No, redhat used to do that.  Debian's upgrade system is designed to handle
incremental updates during development as well as well release to
release updates.  It is all done while the system is running an usable.
No need to reboot other than to change kernels, not even for upgrades.
Debian is not windows, and not even redhat. :)

> I just had a working system so I was trying to keep it
> working the same way. The working system used a choice menu
> in the Win98 autoexec.bat file, firing off loadlin to boot
> into Debian after 3 seconds, unless the user hits an arrow
> key to select Win98 instead, in which case the Windows GUI
> starts. I had a vague preference for keeping this two-stage
> bootup so that if something went wrong with the installation
> I would still have a booting Win98 system, and I could
> still go back to the old Linux 2.2 system. GRUB was a
> new thing to learn. I'm sure it's all very shiny. It just
> wasn't incremental for me, it was a break from the old,
> with the potential to screw up my system if I did something
> wrong, whereas loadlin seemed lower risk (it just involved
> copying some files to /dev/hda1). One of the reasons why
> I like Debian is that it is incremental... old software
> generally doesn't just break because someone decides I must
> do a forced upgrade (unlike other operating systems).
> So, it's not that I didn't trust GRUB, or didn't trust it
> to modify the MBR correctly, it was more that I didn't
> trust *me* to get the configuration files right (since
> I'd earlier stuffed up a LILO config file). Whereas I
> did trust myself not to break anything with loadlin (it
> just involved copying a few files and editing a script).
> So, once bitten, twice shy.

Well I would say 99.9% of the time the debian installer gets the grub
setup correct and working for all the OSs on your machine.  It didn't
used to be like that and some tweaking was sometimes required.
Microsoft's solution is much simpler: Don't support other OSs and don't
support dual boot systems (except recognizing older windows versions).
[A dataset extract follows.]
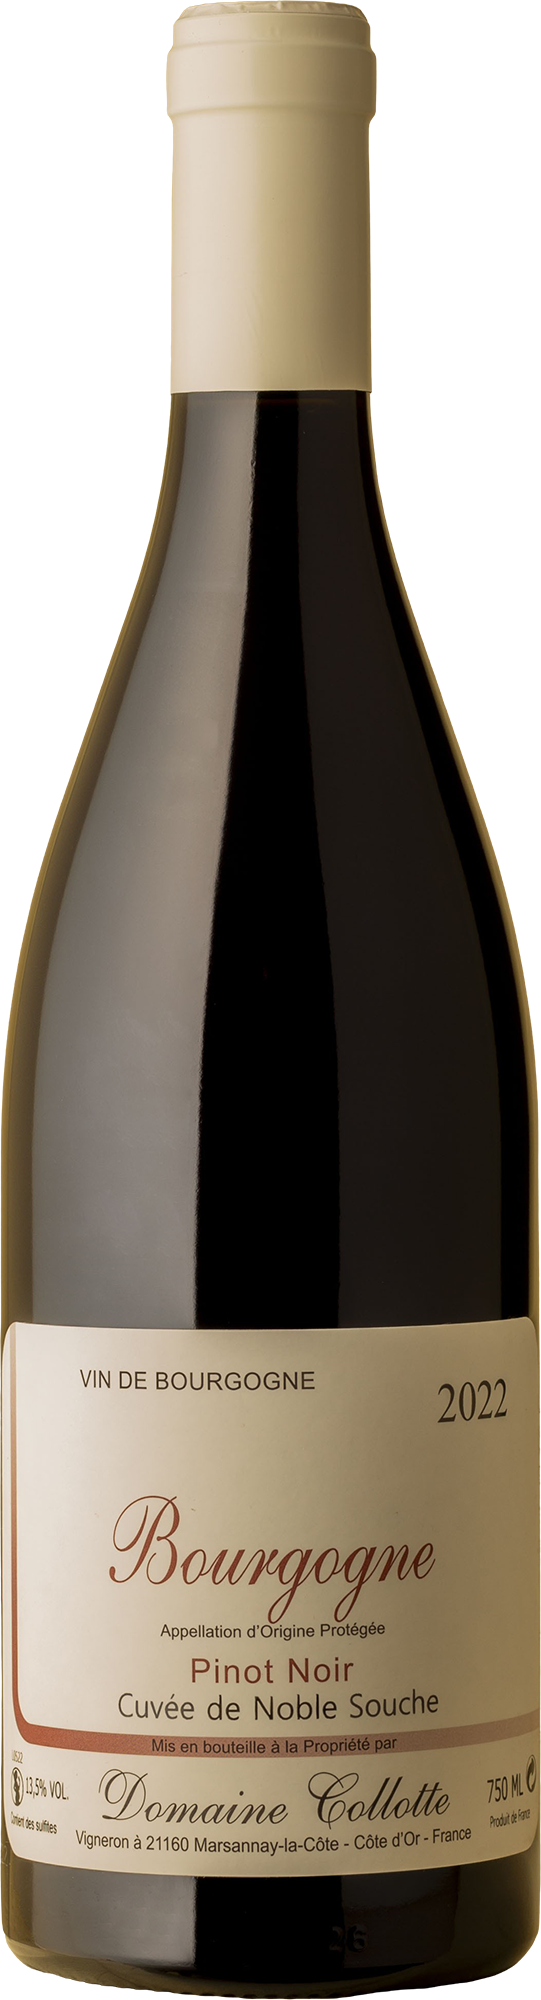 Domaine Collotte - Bourgogne Cuvee de Noble Souche Pinot Noir 2022 Red Wine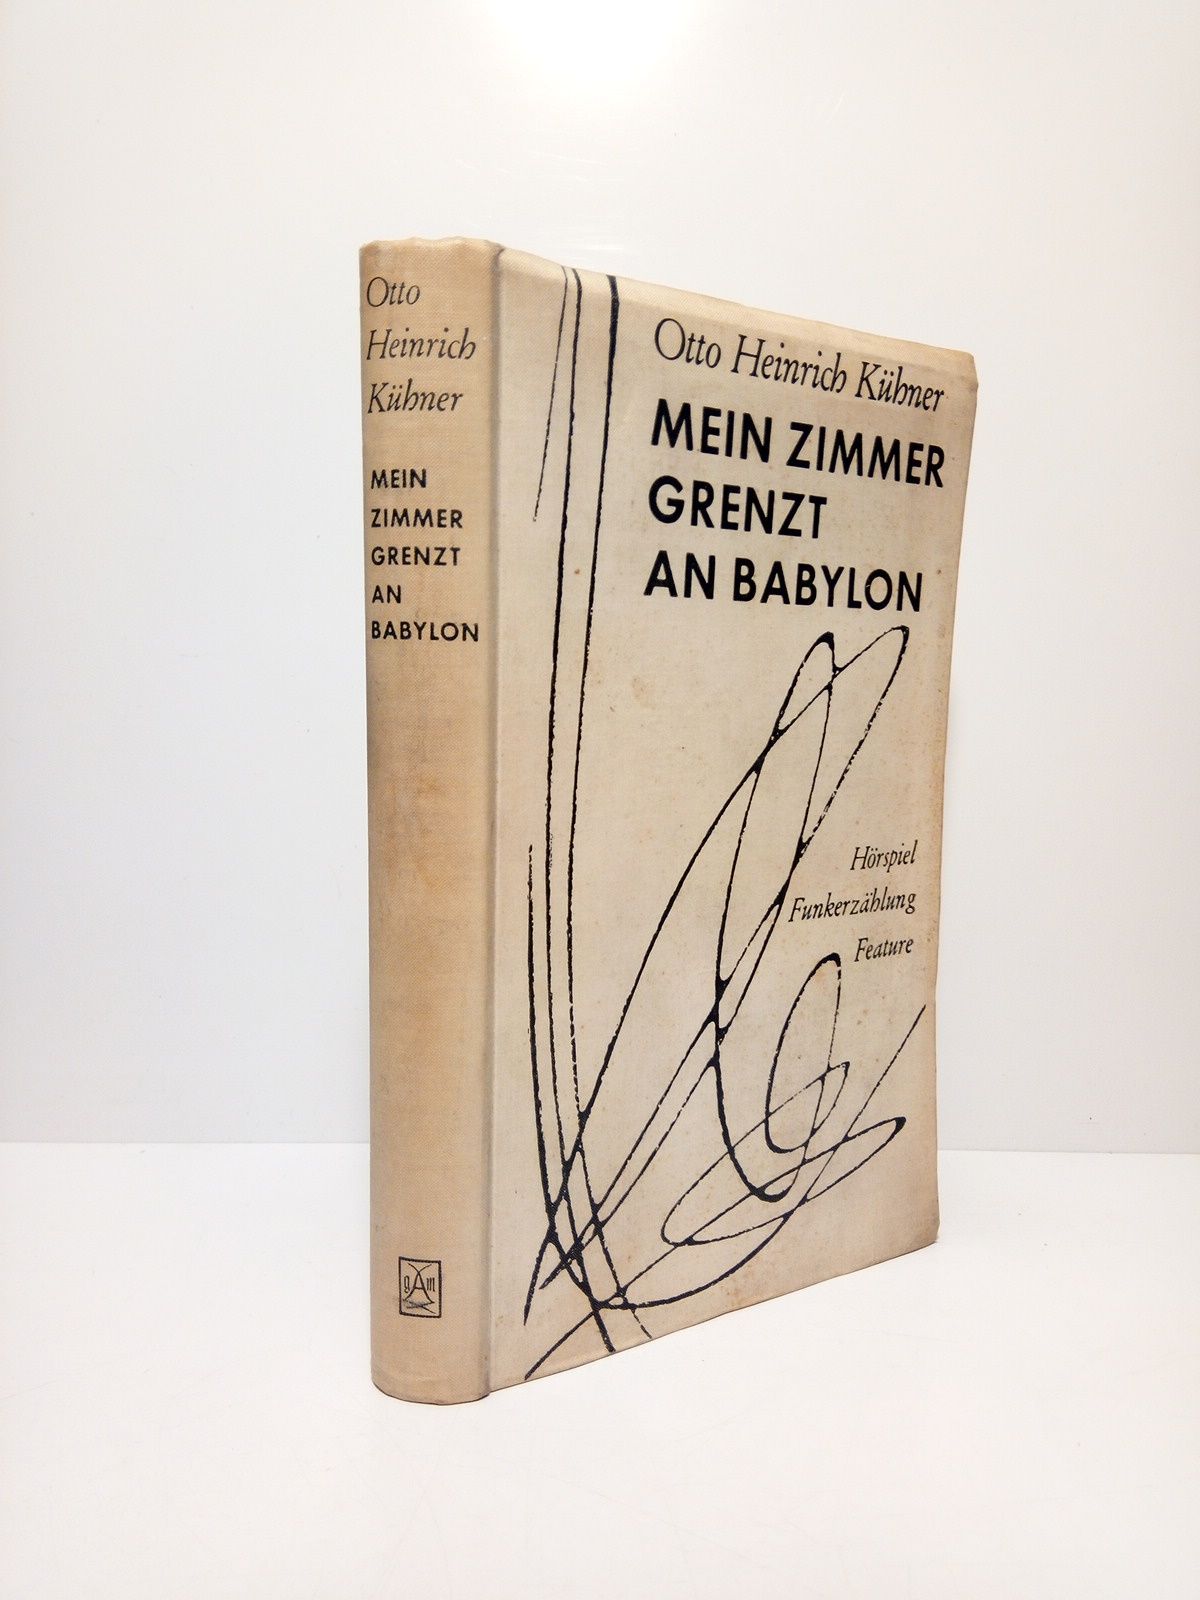 KHNER, Otto Heinrich - Mein Zimmer grenzt an Babylon. (Hrspiel funkerzhlung feature)

> OK, well, I didn't realise that using loadlin wasn't very
> realistic, since it's been working for me for five years,
> and it now works with Debian 3.1.r1 for me. So, I just
> didn't know it was deprecated, and I'm unsure how I was
> supposed to know, short of asking here.

Sure it can work, but the installer doesn't have a reason to support it,
since loadlin is unusual to use, and to actually set it up fully
requires messing with autoexec.bat and config.sys on the DOS system, or
creating a batch file with the right options, and then adding some
support for updating this when new kernels installed (since that is done
for lilo and grub users already).  It just isn't realistic to support,
when there are much better solutions already supported.

> But it looks like GRUB is the way to go in future, and
> certainly for new machines (which don't have Win98!).
> So thanks for the info!

GRUB in the MBR is the right solution for almost all machines.